Shopping For Hachiya
If you want to eat it soon, buy fruit that already yields to gentle pressure. If it’s firm, plan on ripening it on the counter. Once it turns fully soft, move it to the fridge and eat within a few days.
Keeping Cut Fruit Fresh
Cut persimmon browns with time. Store slices in an airtight container and eat within a day or two. A squeeze of citrus can slow browning and tastes good with the fruit’s sweetness.
Store Checklist
- Plan on about 6 grams of fiber in one medium persimmon.
- Eat Fuyu with the skin when it’s clean and unblemished.
- Wait for Hachiya to turn fully soft before eating.
- If your diet is low in fiber, start with half a fruit and drink water.

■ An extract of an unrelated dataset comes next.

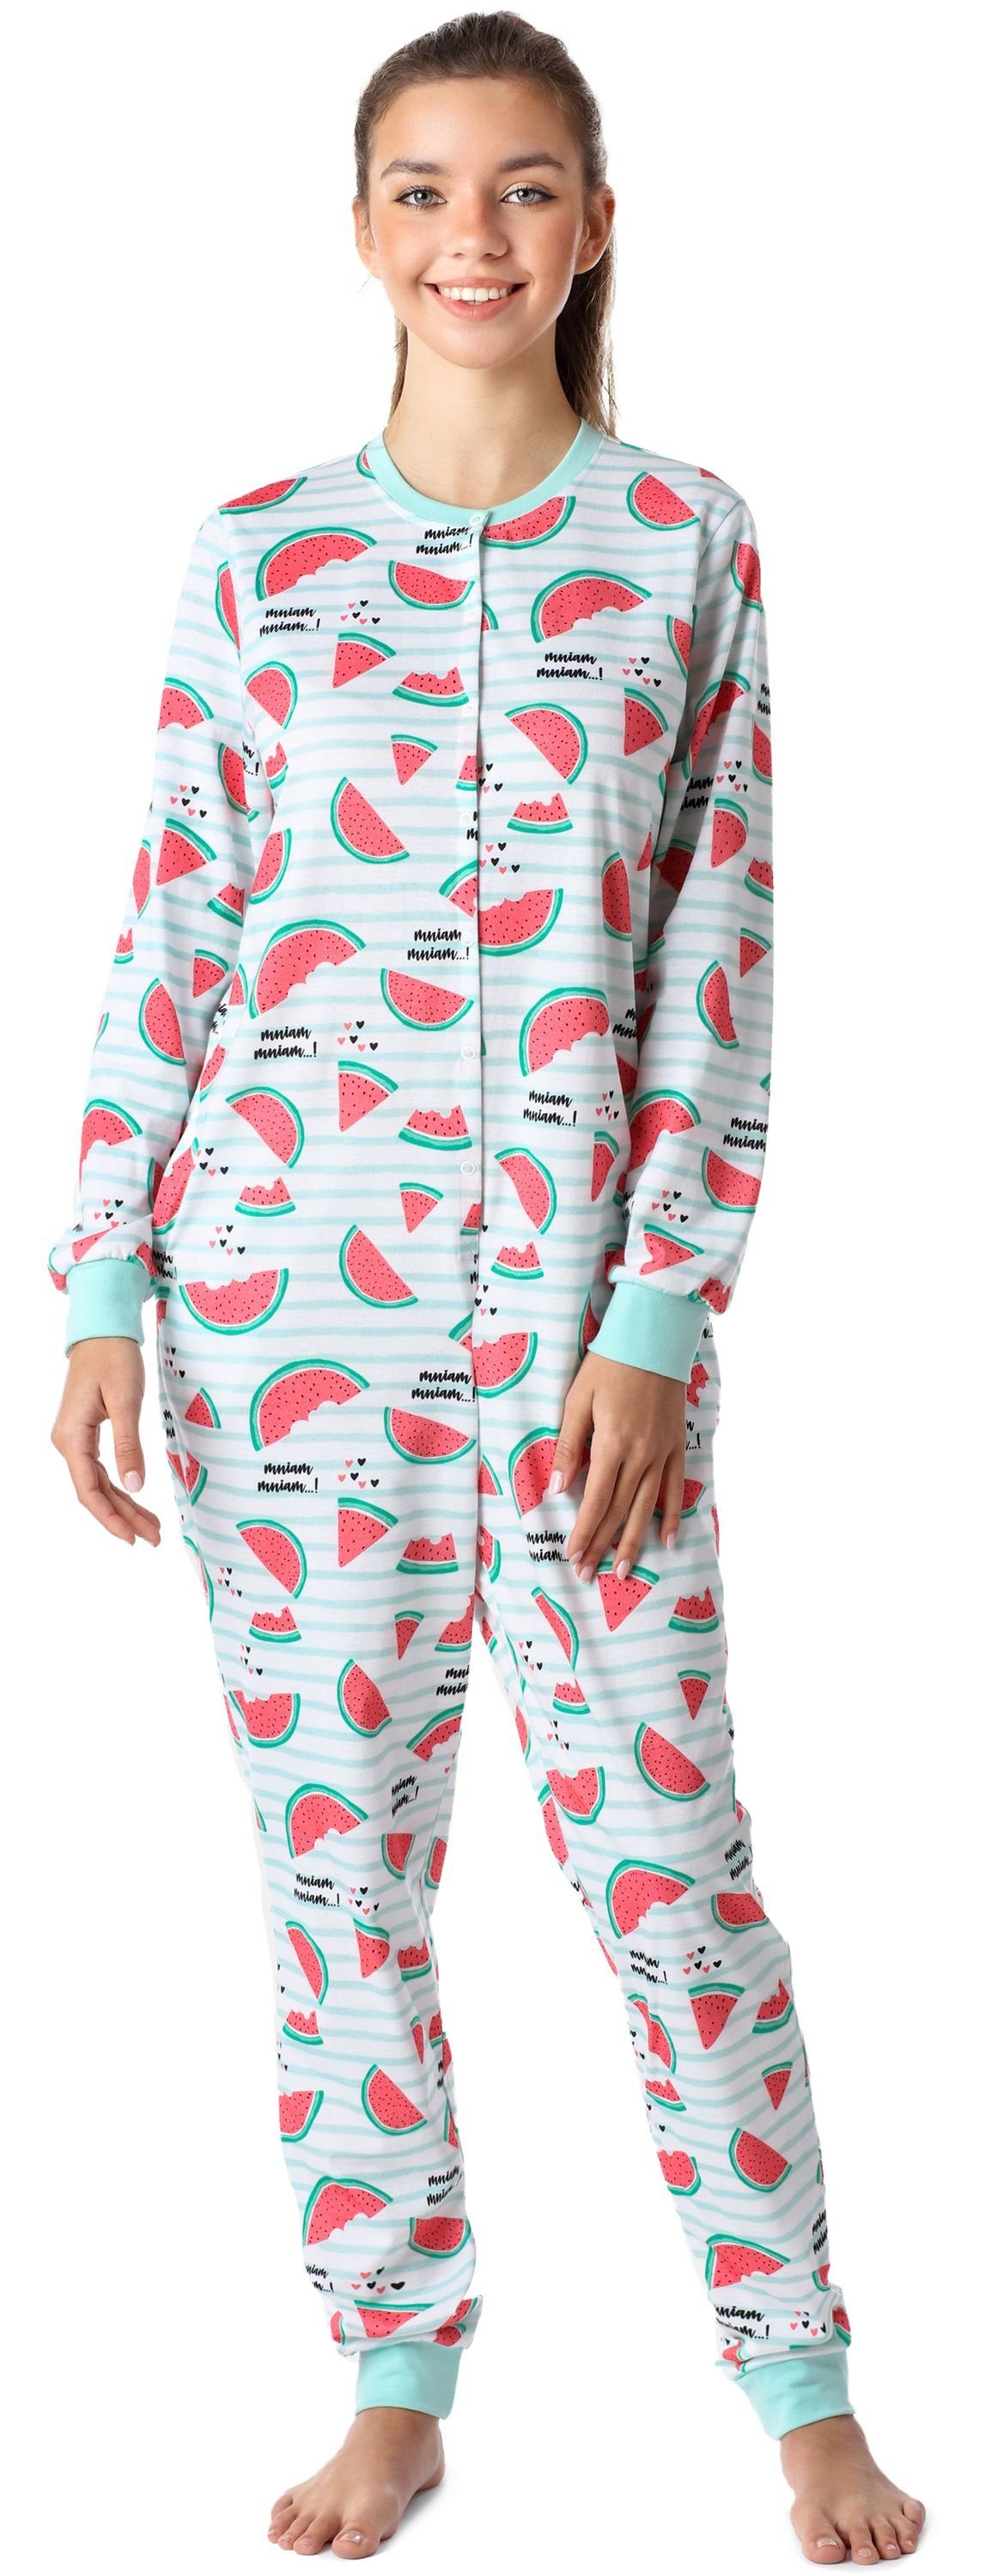 Merry Style Schlafanzug Mädchen Jugend Schlafanzug Schlafoverall MS10-335 Minze/Wassermelone

- Use dried persimmons in measured portions since they add up fast.
References & Sources
- U.S. Food and Drug Administration (FDA).“Questions And Answers On Dietary Fiber.”Explains the definition of dietary fiber used for U.S. labeling and how fiber appears on Nutrition Facts panels.
- USDA FoodData Central.“Food Search Results For Persimmon.”Database search used to compare persimmon fiber values by serving size and by 100 grams.
- Harvard T.H. Chan School of Public Health.“Fiber.”Overview of soluble and insoluble fiber and common food sources.
- University of Florida IFAS Extension.“Alleviating Astringency In Persimmon Fruit.”Notes why astringent persimmons taste dry when unripe and outlines ways the astringency fades.